The Big Sipper
Origin: Mash, Todos Santos Cuchumatán, Huehuetenango, Guatemala
Producers: Coffee from ten smallholder producers from the ASODIETT Cooperative: Vicente Ramirez Ramos, Delfino Ramirez Calmo, Desiderio Pablo Calmo, Paulino Ramirez Calmo, Romelia Jeronimo Lopez, Santos Fernando Pablo, Hilario Pablo Pablo, Marcelo Pablo Pablo, Rosalio Ahilon Pablo, Valentino Pablo Matias
Process: Washed
Varieties: Bourbon & Caturaa
Altitude: 1500-1800
Importer: Shared Source
Roast: Medium-Light
Notes: Baked Pear, Cherry, Almond, Milk Chocolate
Transparency: we bought an 8 bag lot for $6.28USD/lb + shipping.

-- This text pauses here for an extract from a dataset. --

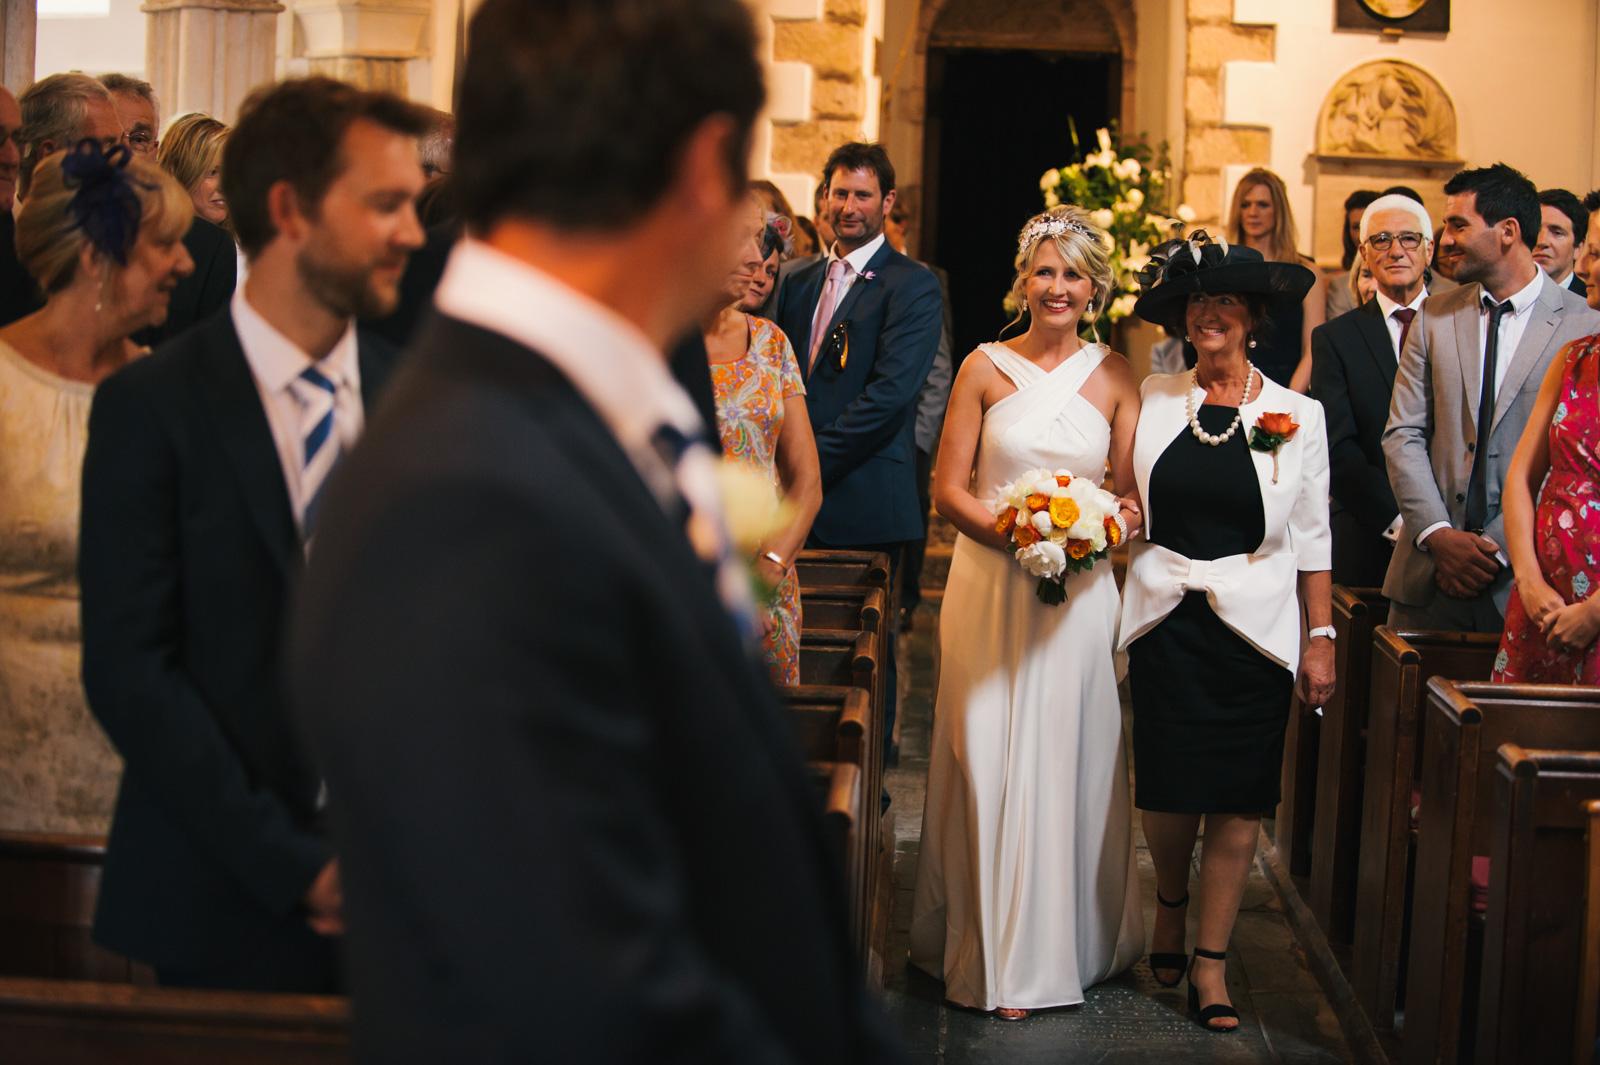 mylor-church-wedding-33.jpg

Farm gate 2,198
quetzales per quintal
ah, the big sipper, our ideal every day drinker. This profile is designed to be medium in acidity, high in sweetness, and very crushable. Though the coffee may change in big sipper, the profile will always be focused on bringing you a clean, easy drinking cup of coffee.
*Photo of bag is currently different than what's being roasted!

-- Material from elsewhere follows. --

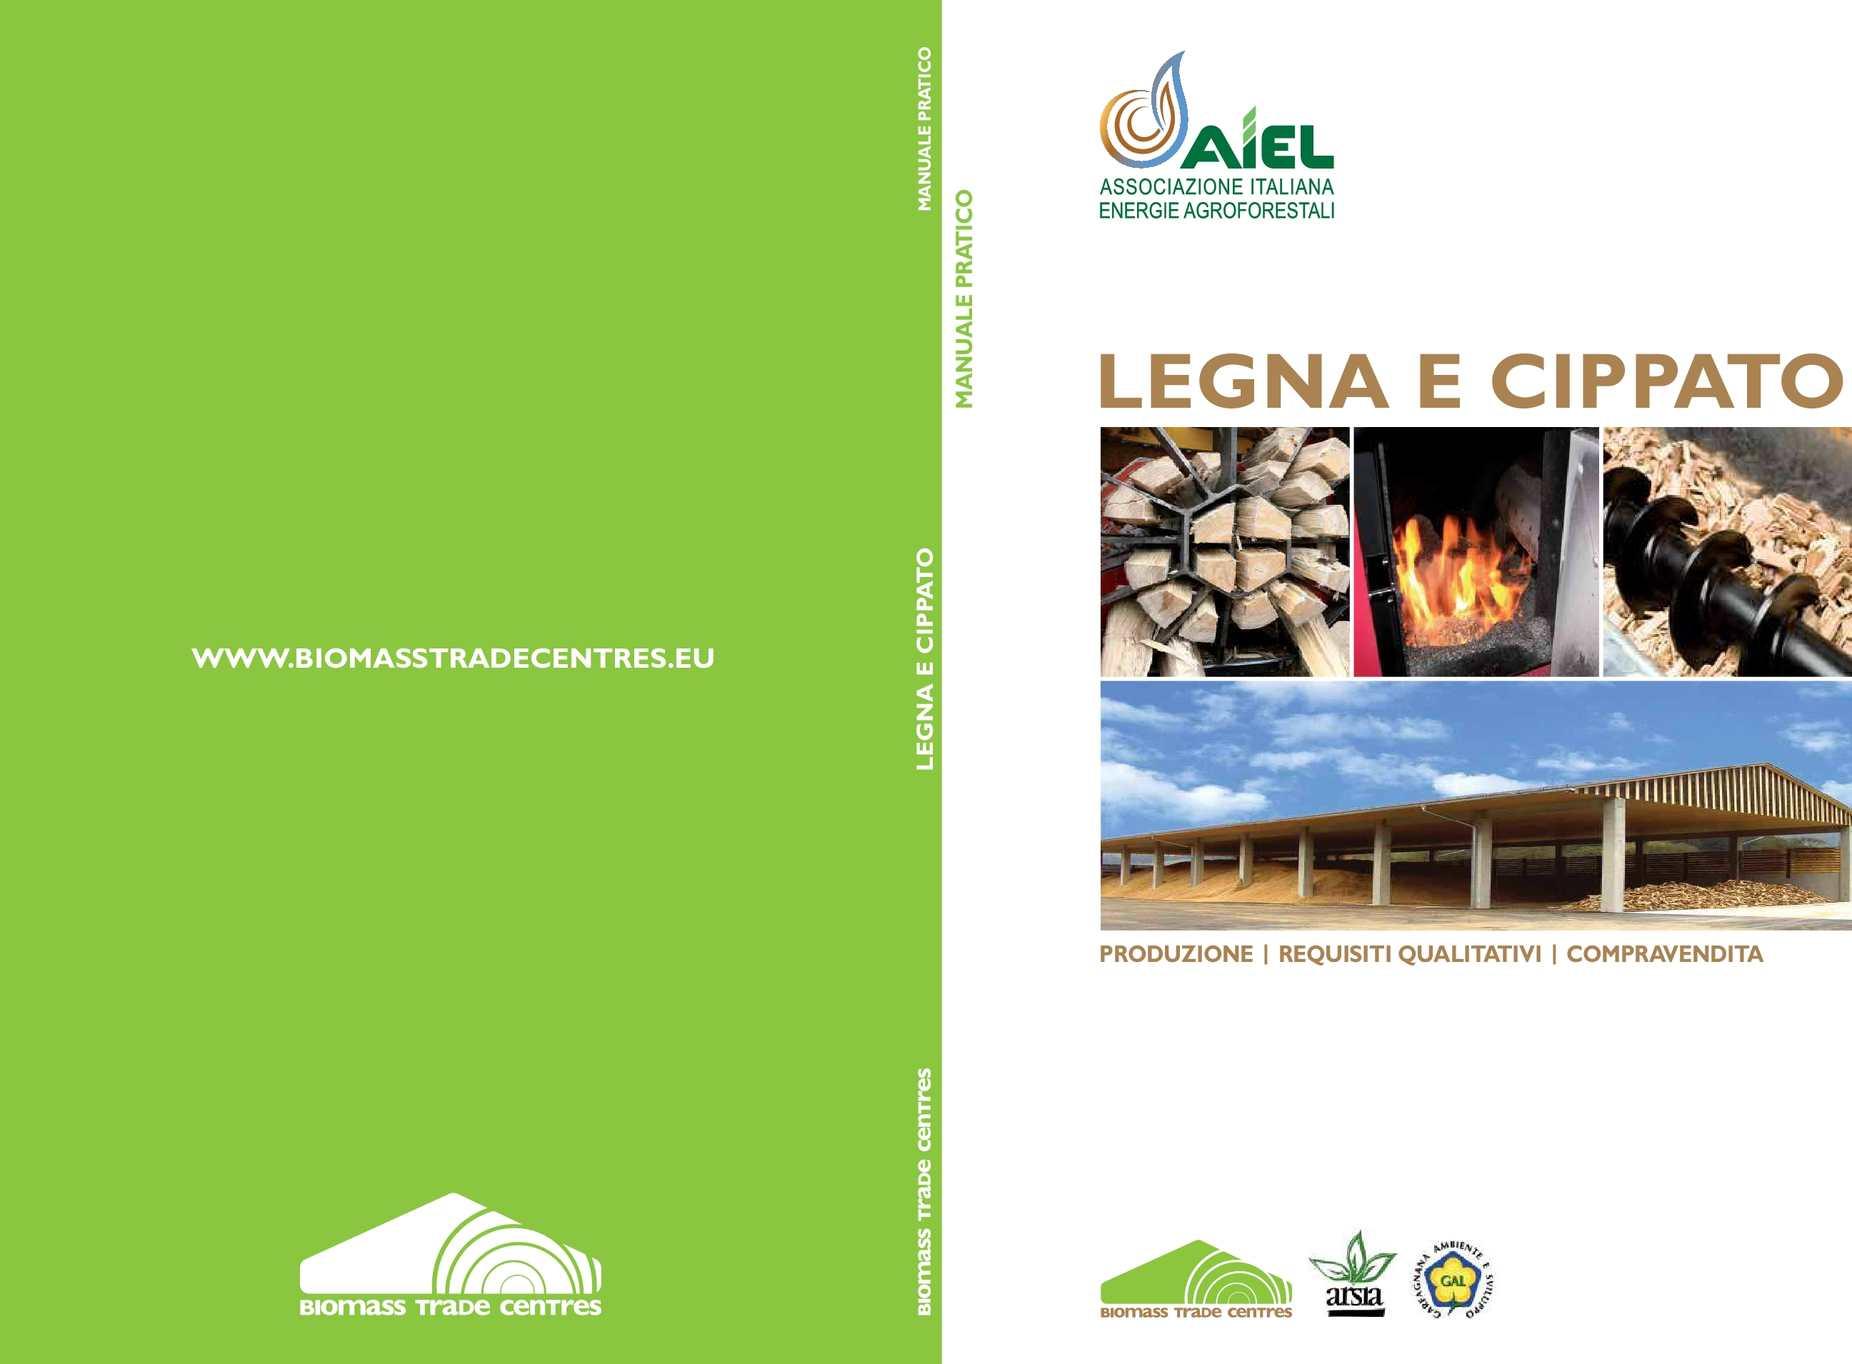 Cenere Di Pellet Nell Orto calaméo - manuale tecnico legna, cippato e pellet - aiel, arsia

Mash, Todos Santos Cuchumatán, Huehuetenango, Guatemala
Simply referred to as the Todos Santos Community lot, this is our third year in a row buying this delicious blend from one of my favourite Guatemalan growing regions.
This is a carefully selected community lot made up of Bourbon and Caturra varieties
coming from ten members of the ASODIETT cooperative, located in the township of
Mash, in the Todos Santos Cuchumatán municipality in the department of
Huehuetenango. About 30 families make up the ASODIETT cooperative, and many are of
the Maya Mam ethnicity. Many members still primarily use the Mam language, and
speak Spanish as a second language. The group was formed in 1995, and was formalized
as an Association in 2010; they received their Cooperative status in 2017. Located along
the skirts of the Rio Ocho, members’ farms have healthy soils and good conditions for
growing coffee.
ASODIETT has been steadily growing over the last few years, thanks to intentional
leadership and connections built by their leader Macario Calmo. The group stores coffee
in a new warehouse building with a second floor- this has allowed the group to store
members’ coffee in cooler, more stable conditions, and they have small quarters for
visitors to stay as well. The warehouse serves as a community center- there’s a small,
community-led pharmacy on the first floor, and above is a communal meeting space.
The group’s sense of solidarity and focus on shared progress is evident.
This will be a short run for big sipper while we wait for our fresh crop of Honduras to arrive!